Beautiful You by Chuck Palahniuk (2014)

L: 6.5/10

M: 5/10

Analysis from a buoyant vagabond, searching for a cause:

(Disclaimer) Mr. Palahniuk will forever be carved into my Mount Rushmore of authors. I’ll follow him into whatever filthy, disgusting, revolting, foul hole he digs, and shovel the slime and bile on top of me, encasing me in a vomit, stomach-turning grave. It was he, who sparked a love for reading with Fight Club and Choke in my High School days, and I will forever be grateful.

Now for his latest offering, Beautiful You. Chuck always dives deep into research for whatever story he crafts. At times, such as this, he makes it painfully clear he knows every cranny of knowledge there is to know about whatever fitting (or at times ill-fitting) topic he touches. Chuck drowns you in aphrodisiacs and sex acts, at times droning on so long the most incredible turn boring. I’m on board through the setup, mirroring a paperback novel with Fabio on the cover and, at times, directly mimicking the Fifty Shades of Grey universe. The characters are interesting, and as Chuck has done in the past, he begins with a flash-forward (?) and then flashes back (I was never great with time travel.) This entices you to find out how everything can elevate so high and digress so low for all those unfortunate victims spawning out of Chuck Palahniuk’s sick imagination. The end doesn’t quite live up to the building surge of ridiculousness, but Chuck, I’ll always love you.

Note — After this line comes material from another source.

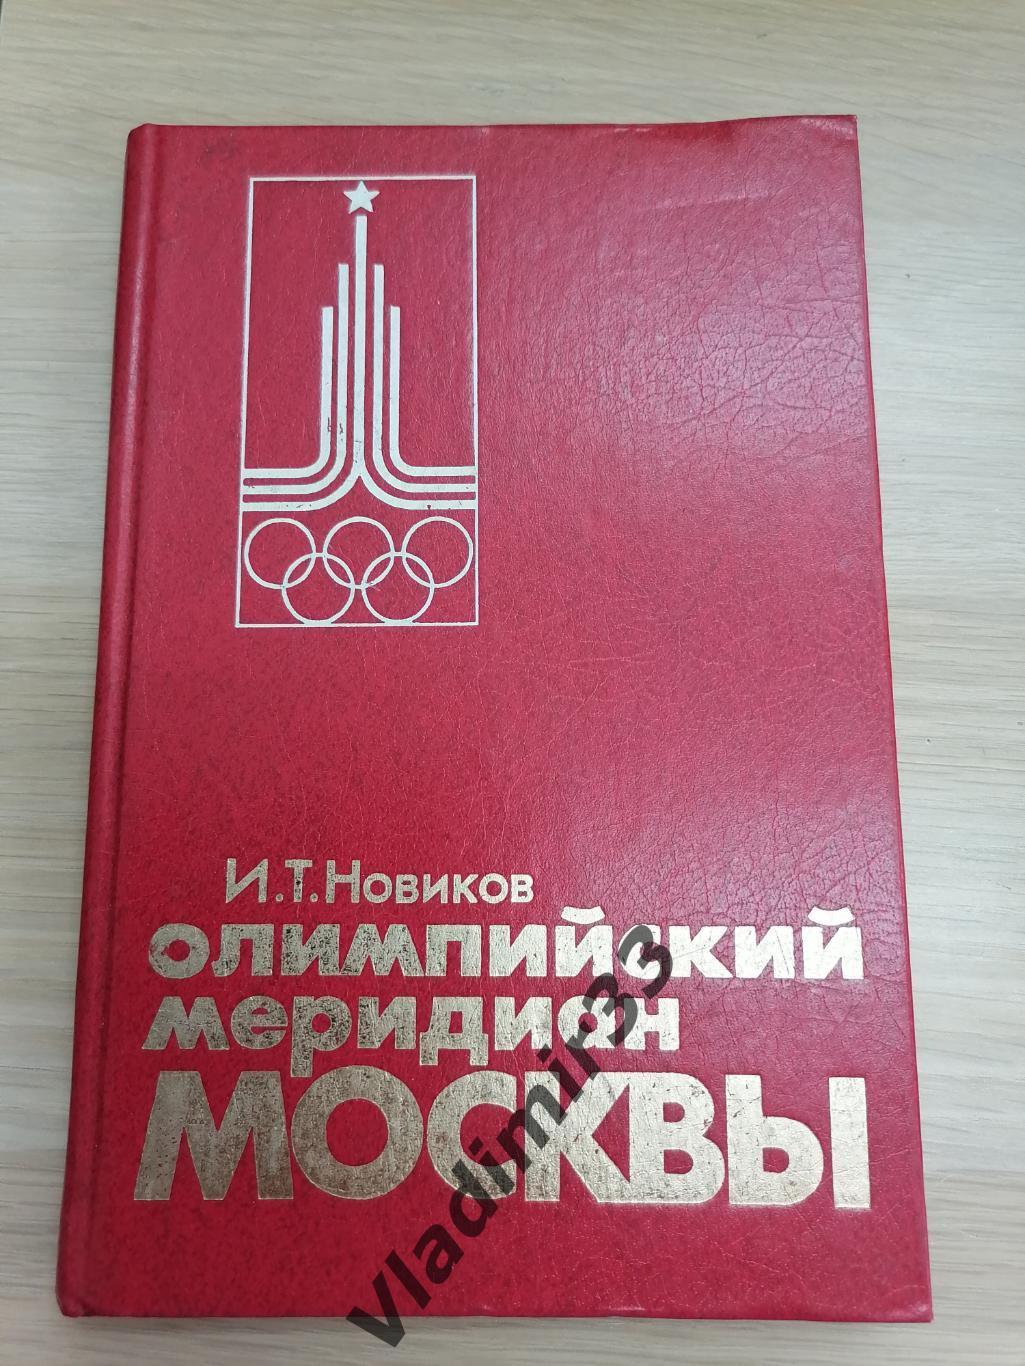 Олимпийский меридиан Москвы 1983 год
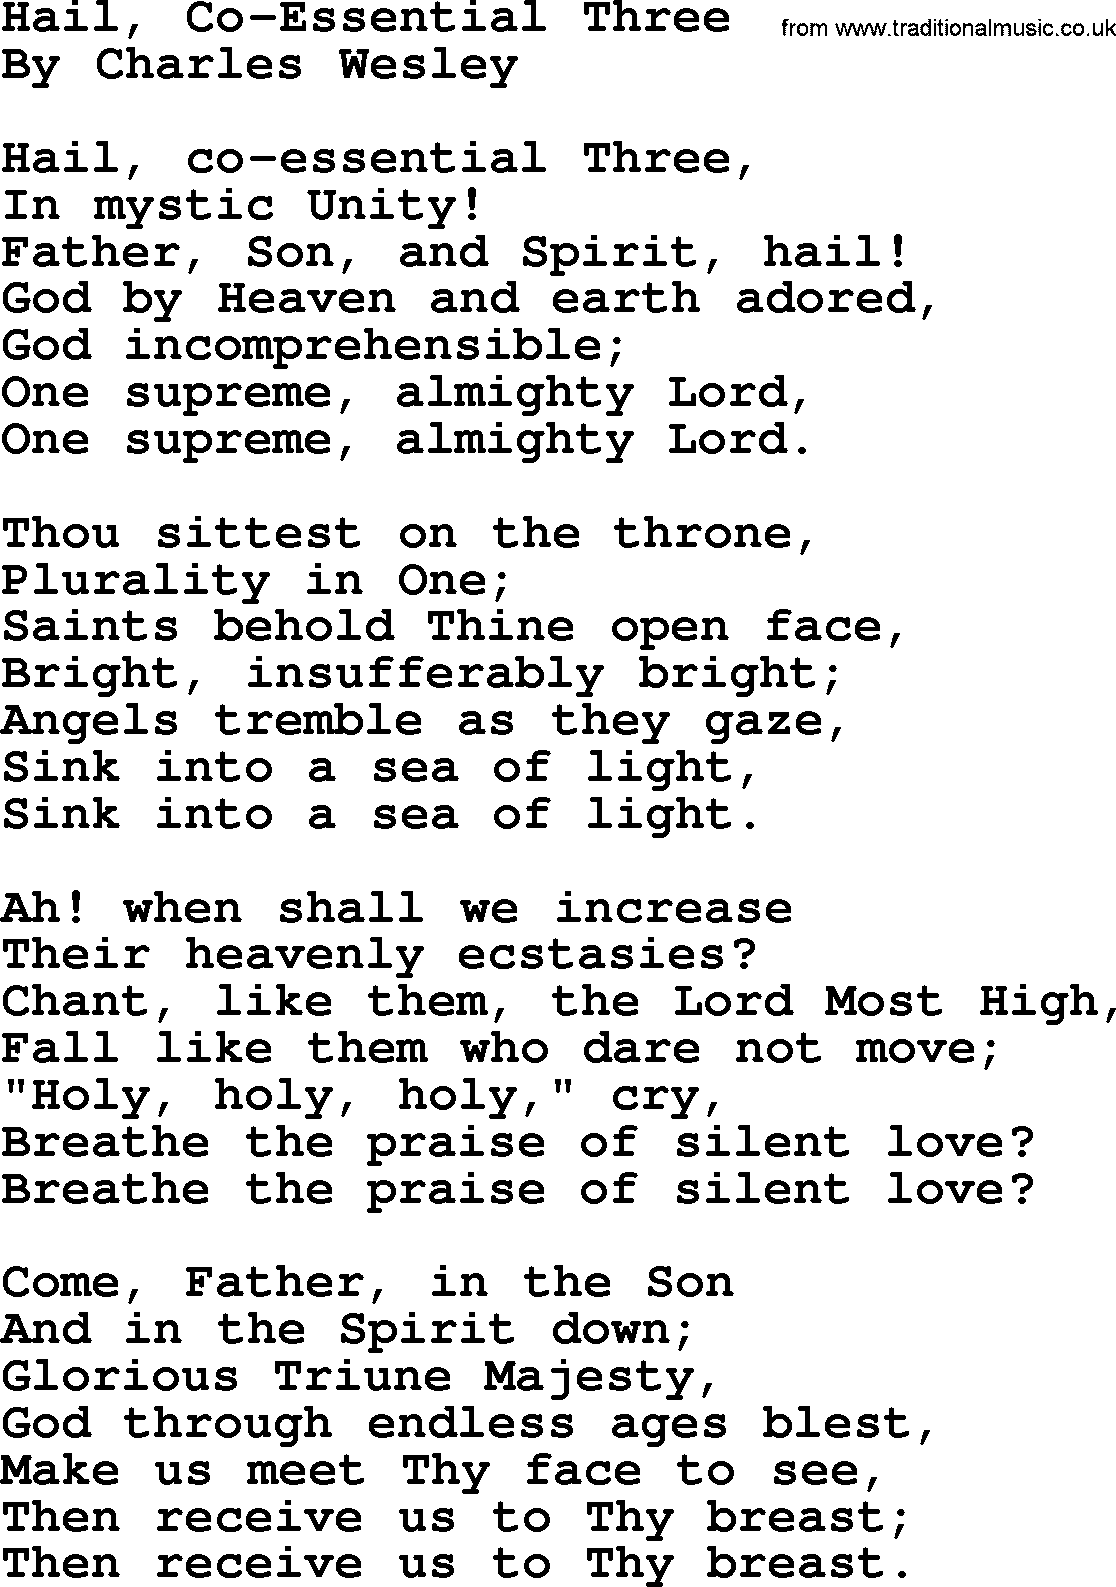 Charles Wesley hymn: Hail, Co-essential Three, lyrics

Analysis from an owl coffee mug hoarding spinster:

What the holy hell did I just read? Far be it from me to question the brilliant mind of Chuck Palahniuk, but I’m left scratching my head, and to be entirely transparent, crossing my legs! Beautiful You was easily the most researched and beautifully written $5 smut romance novel I’ve come across. I assume no one picks up one of Chuck’s works on a whim, and therefore you expect a certain degree of focused insanity going into the book. Yet, it never quite delivers the “that fucking brilliant bastard” moment you crave and have become accustomed to in his writing. I wouldn’t recommend this book to anyone as it took me a great deal of time to get through it myself. I felt oddly aroused by truly grotesque things, and that’s not a warm fuzzy feeling I want to share with my peers. Honestly, the ending was probably the only part of the book that I enjoyed, but more for the sheer stupidity of it all. I felt like the recipient of the old “this is the worst thing I’ve ever tasted…try some” gag. It’s as if Chuck set out to write a book just to fuck with us all and at the end feel validated that he could write anything and his adoring followers would devour it like the mana from heaven his words usually are to a twisted audience. Still, I can’t give it a 1 or even a 3 because he’s so fucking good at whatever he does. I might not have enjoyed it, but I’ll never forget it. That witch’s floor dragging pubes will never leave my mind’s eye. Never. Well played, Mr. Palahniuk. Well played.